Dinosaur L - 24→24 Music - 17-Jan-06 04:35 AM
The title is a nod to the improvised nature of the recordings - Arthur Russell arranged the tracks so the rhythm would change every 24 bars.

Electronic - Getting Away With It... - 16-Dec-05 05:41 AM
7 reasons why Getting Away With It… is perfect pop.

Reason #1: it's all about the ellipsis in the title…

Reason #2: the song opens on such a dream of a bassline fidgeting under a swathe of strings. Barney sings "I've been walking in the rain just to get wet on purpose", and lisps the ess in the laziest of shrugs.

Reason #3: forty-five seconds in, a spectre of Neil Tennants loom over the chorus. Tennant, in the Dusty-est of traditions, is multitracked approx eighty-nine times - atonally. This is pop genius.

Reason #4: "However I look it's clear to see, I love you more than you love me"

Reason #5: verse two; Johnny Marr cuts Chic-ly at his guitar and the cellos chop as Barney sniffs "I hate that mirror, it makes me feel so worthless". As the bassline slouches, Marr's mogadon flamenco dodges the poison arrows of Dudley's strings; it's heavenly.

Reason #6: the singles' artwork (a somewhat lazy reappropriaton of stock photography) was the start of Saville's descent into the Mac trap. But! Not only is the barcode the most perfectly positioned barcode ever, the hidden verso of the inlay is printed blood red. You might not understand how important this is - trust me, it is.

Reason #7: it's only 4:21 seconds long. It's only a pop song. But somehow this song has lived in my life for over 16 years. When I'm happy, it sings my happiness back at me. When I am blue, it cries too. It can sound slightly concerned. It often sounds like it doesn't have a care in its world. It has a swagger. It's such a perfect sigh of a song.

Section 25 - From The Hip - In The Flesh: Live In America 1985 - 22-Oct-05 02:26 PM
1982: the Factory backlash is in full effect. UK music weeklies gleefully shred to pieces most of the label's output. Section 25 are deemed dour Joy Division copyists, regardless of the merits of their work. Section 25 take a decision; to reinvent themselves, to follow their love of Kraftwerk and electro, to lighten up a little.

Fast forward to the first months of 1985: Section 25 are touring America coast to coast. They are trying to find a deal for From The Hip, an album of pin-sharp electro tracks, utterly ignored by the British media. For live performance, the group rely heavily on sequencing and on a sound they had stumbled upon two years previous whilst learning their new TB303; a harsh piercing "squiggle" that would later typify acid house.

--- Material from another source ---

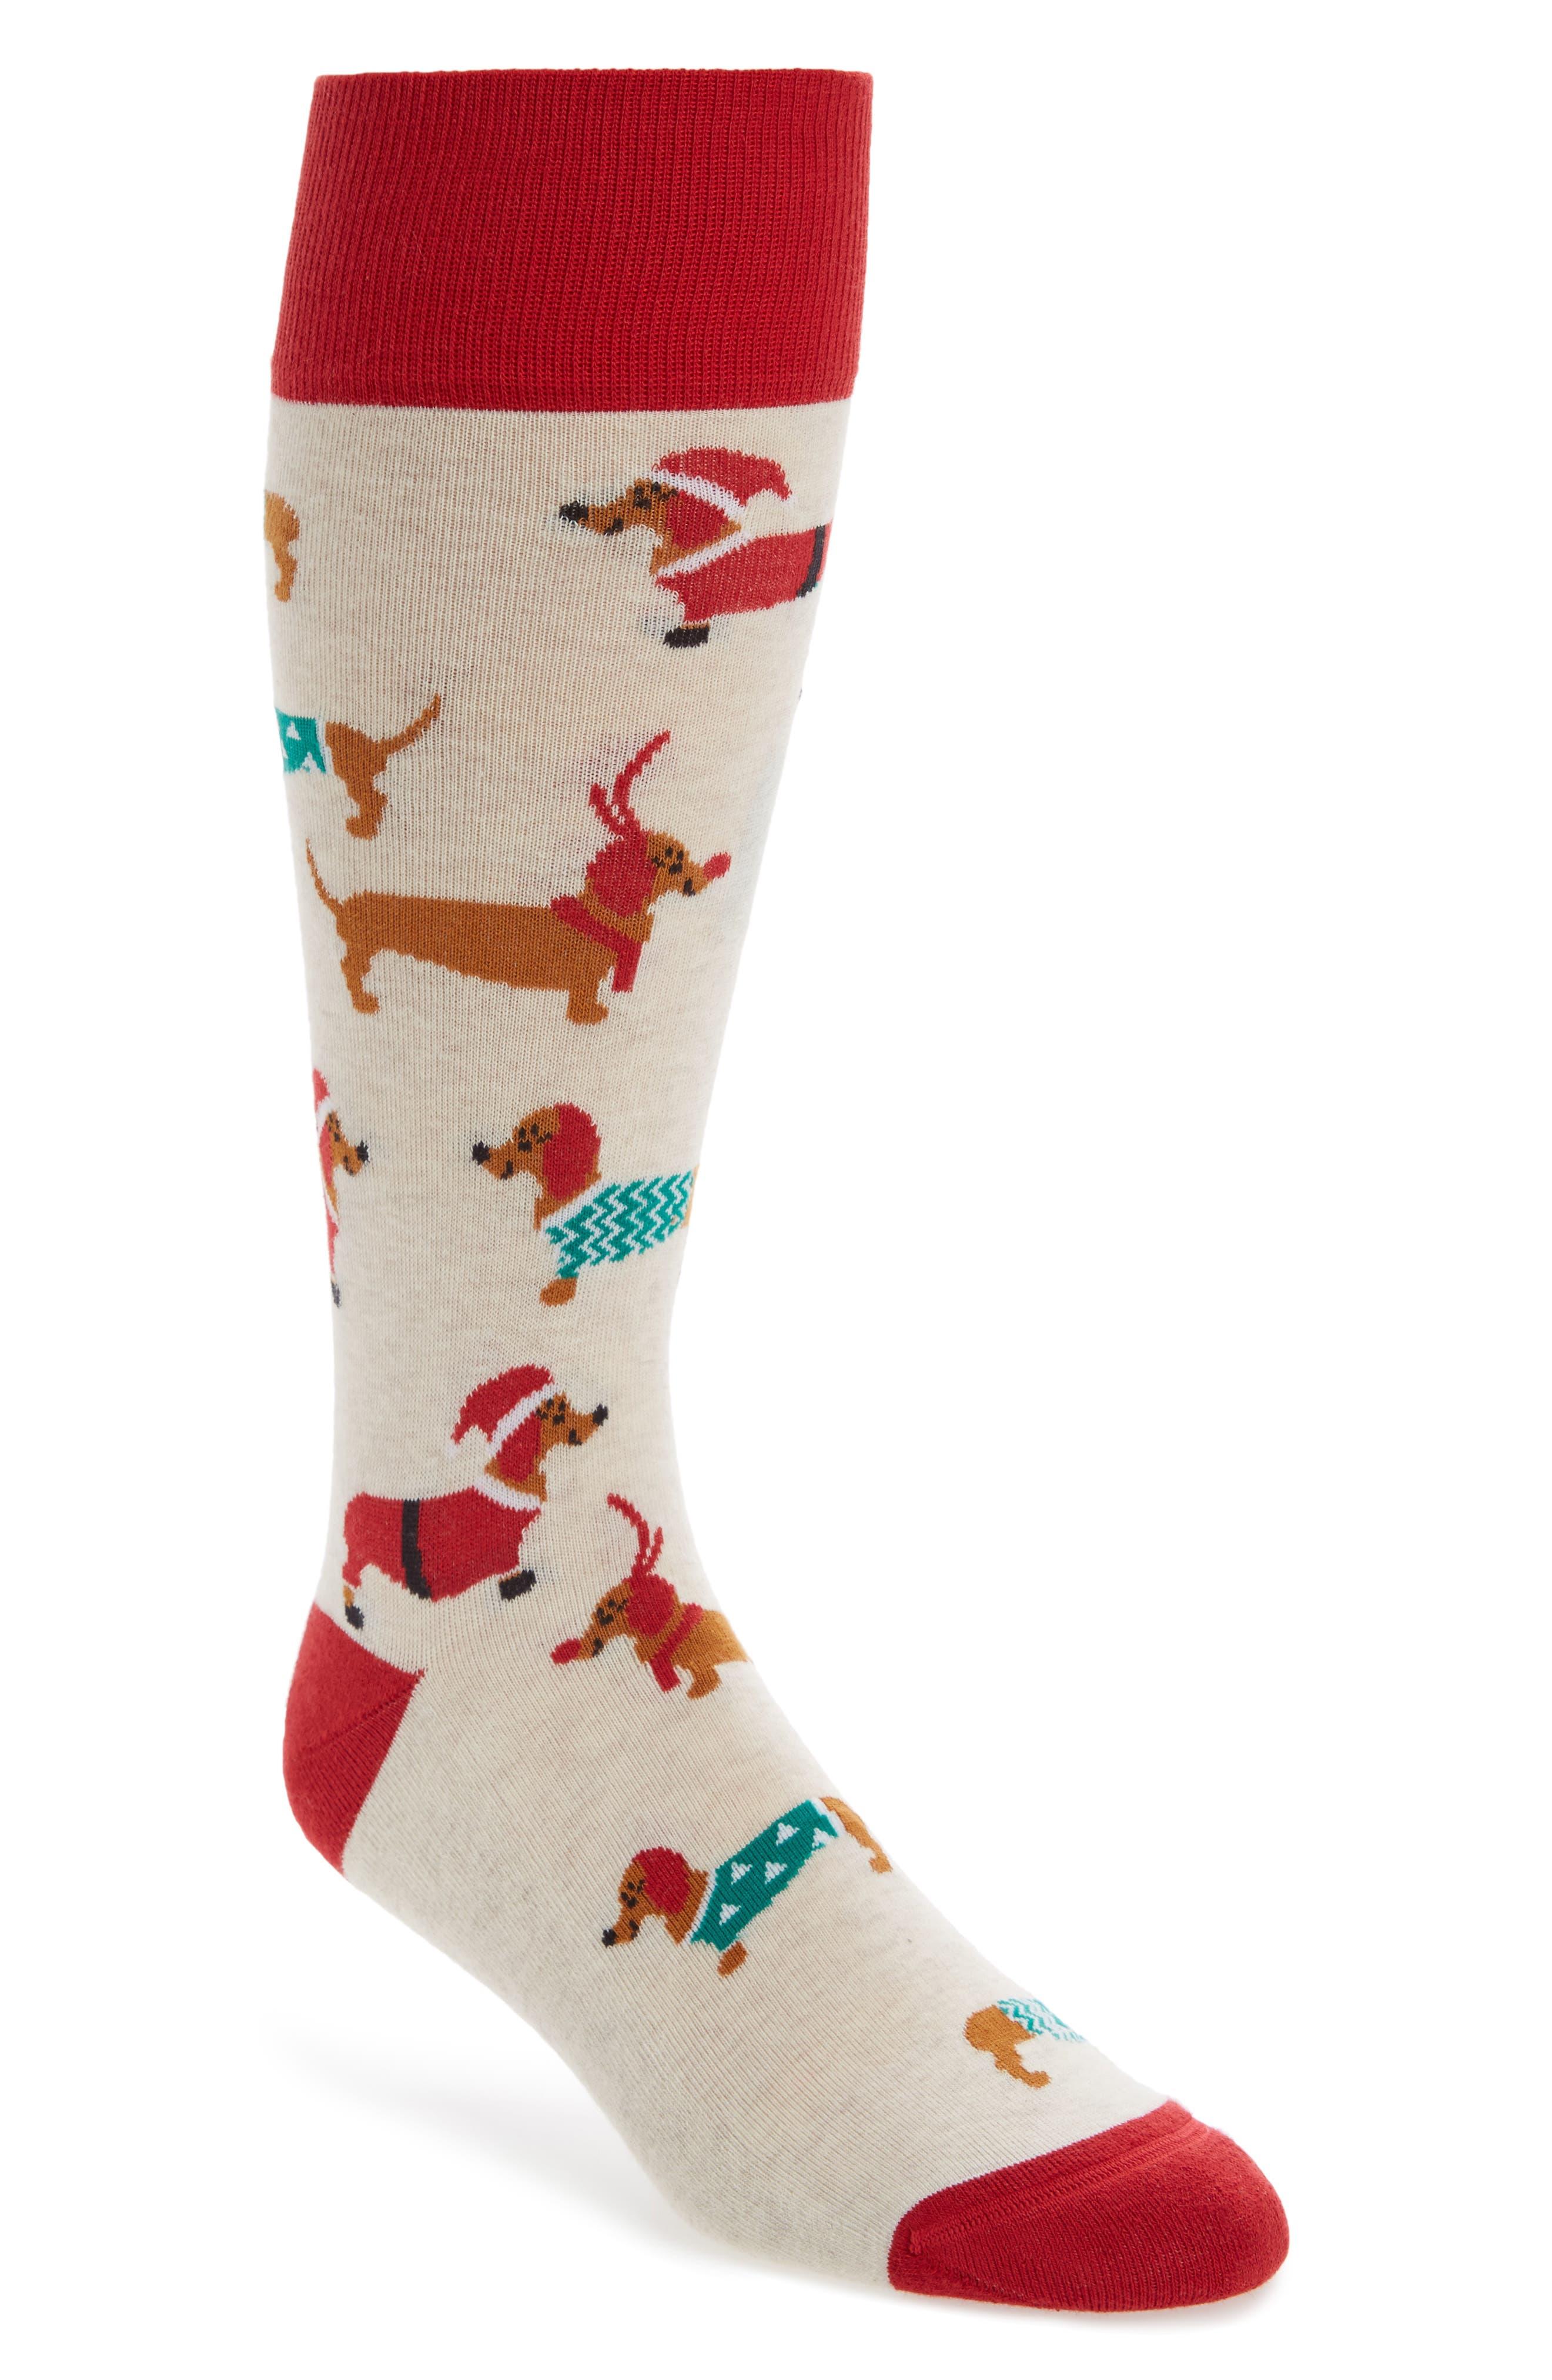 Nordstrom Men's Shop Holiday Dachschund Socks
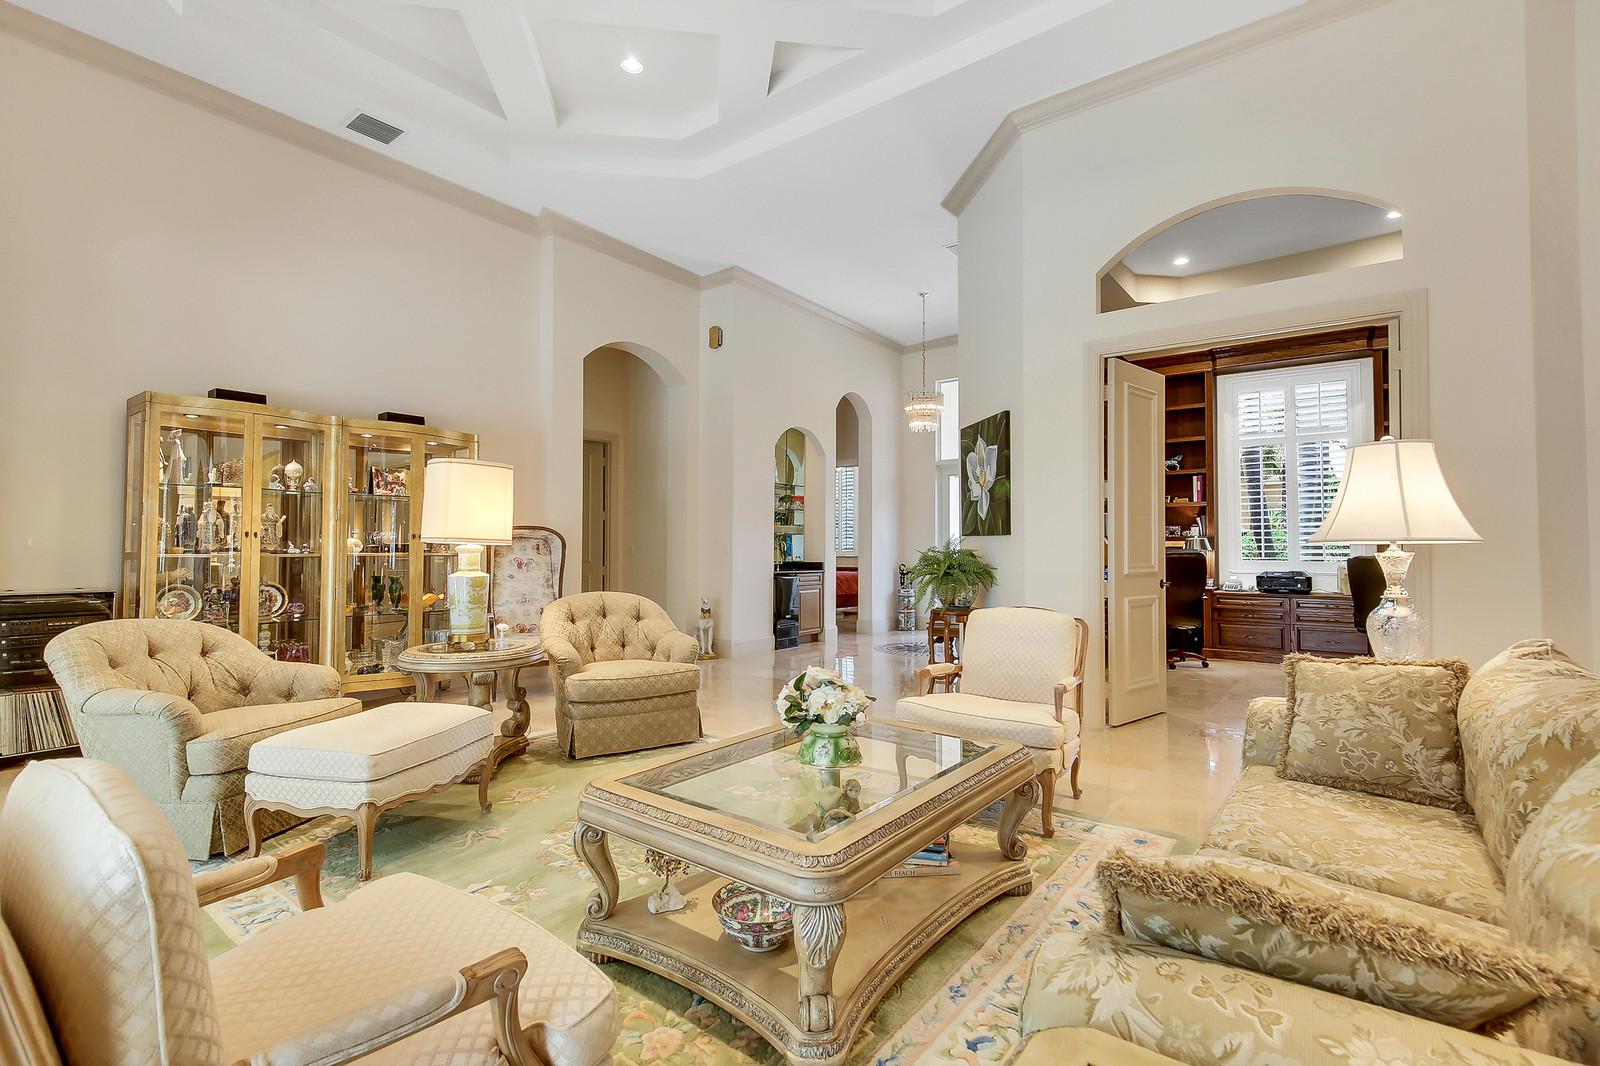 1120 San Michele Way, Palm Beach Gardens, Florida 33418, 4 Bedrooms Bedrooms, ,5.1 BathroomsBathrooms,Single Family,For Sale,San Michele,San Michele,RX-10436095

This CD is a document of that US tour. This group of supposed JD-copyists from Blackpool, written off in their own country, toured a proto-version of acid chanced upon by mistake two years prior, through Detroit, Chicago and New York. Program For Light and Looking From A Hilltop astound. Squalls of feedback and pounding drums vie for air with punishing sequenced rhythms and keys. The (ab)use of the TB303, and in a live band context, is eye opening.

No US deal was forthcoming. The group dissolved, three members leaving unable to live of the meagre earnings. Section 25 recorded one final album as a duo under impossible financial circumstances, then faded away.

Maybe if they had been signed in the US… Maybe if they had released their first TB303 experiments in 1983… Maybe if they had taken this live sound to the studio… Maybe if Factory had given them just a little support… then maybe history would be just a little different.